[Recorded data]
• • •
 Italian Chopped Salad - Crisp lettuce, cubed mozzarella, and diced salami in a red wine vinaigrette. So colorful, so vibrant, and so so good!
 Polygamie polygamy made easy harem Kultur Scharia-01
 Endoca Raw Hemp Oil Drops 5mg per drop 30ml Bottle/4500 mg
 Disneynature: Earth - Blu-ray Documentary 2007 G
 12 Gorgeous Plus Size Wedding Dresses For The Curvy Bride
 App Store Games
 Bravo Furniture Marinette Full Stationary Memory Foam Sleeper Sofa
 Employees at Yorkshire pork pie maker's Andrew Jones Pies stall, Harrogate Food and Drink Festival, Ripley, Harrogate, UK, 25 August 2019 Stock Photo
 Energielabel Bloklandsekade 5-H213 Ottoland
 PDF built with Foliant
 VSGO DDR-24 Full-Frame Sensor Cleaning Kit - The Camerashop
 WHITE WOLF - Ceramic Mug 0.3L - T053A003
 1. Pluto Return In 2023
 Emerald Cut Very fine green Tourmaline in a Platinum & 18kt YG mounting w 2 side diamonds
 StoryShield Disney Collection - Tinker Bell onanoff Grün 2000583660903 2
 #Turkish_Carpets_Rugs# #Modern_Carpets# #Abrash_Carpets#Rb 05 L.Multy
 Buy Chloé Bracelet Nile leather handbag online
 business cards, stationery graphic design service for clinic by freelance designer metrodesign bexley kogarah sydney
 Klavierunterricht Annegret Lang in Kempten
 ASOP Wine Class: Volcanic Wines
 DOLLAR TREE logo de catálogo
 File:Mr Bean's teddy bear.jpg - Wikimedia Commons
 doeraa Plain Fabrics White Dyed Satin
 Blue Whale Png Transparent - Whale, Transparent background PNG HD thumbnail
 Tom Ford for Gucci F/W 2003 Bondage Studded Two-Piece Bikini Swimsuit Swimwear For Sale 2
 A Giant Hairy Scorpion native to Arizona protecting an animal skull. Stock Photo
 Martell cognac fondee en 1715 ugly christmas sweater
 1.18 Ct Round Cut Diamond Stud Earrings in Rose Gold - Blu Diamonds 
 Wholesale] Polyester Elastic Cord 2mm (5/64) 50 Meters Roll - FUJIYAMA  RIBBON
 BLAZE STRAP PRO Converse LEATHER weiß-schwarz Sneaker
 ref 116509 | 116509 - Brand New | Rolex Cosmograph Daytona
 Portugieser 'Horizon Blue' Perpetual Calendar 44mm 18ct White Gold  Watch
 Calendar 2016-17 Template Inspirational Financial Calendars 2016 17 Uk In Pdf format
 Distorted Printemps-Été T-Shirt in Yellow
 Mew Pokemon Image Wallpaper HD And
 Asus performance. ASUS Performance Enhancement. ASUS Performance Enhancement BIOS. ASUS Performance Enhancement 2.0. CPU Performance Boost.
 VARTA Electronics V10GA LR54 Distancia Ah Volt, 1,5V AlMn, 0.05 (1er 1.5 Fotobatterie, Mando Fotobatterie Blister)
• • •
EXERCISE DESCRIPTION | Could you write out, exactly as they stand, only the lines above that begin at the line with "Wholesale] Polyester Elastic" and stop after the line with "Portugieser 'Horizon Blue'"?

RESPONSE BOX |
 Wholesale] Polyester Elastic Cord 2mm (5/64) 50 Meters Roll - FUJIYAMA  RIBBON
 BLAZE STRAP PRO Converse LEATHER weiß-schwarz Sneaker
 ref 116509 | 116509 - Brand New | Rolex Cosmograph Daytona
 Portugieser 'Horizon Blue' Perpetual Calendar 44mm 18ct White Gold  Watch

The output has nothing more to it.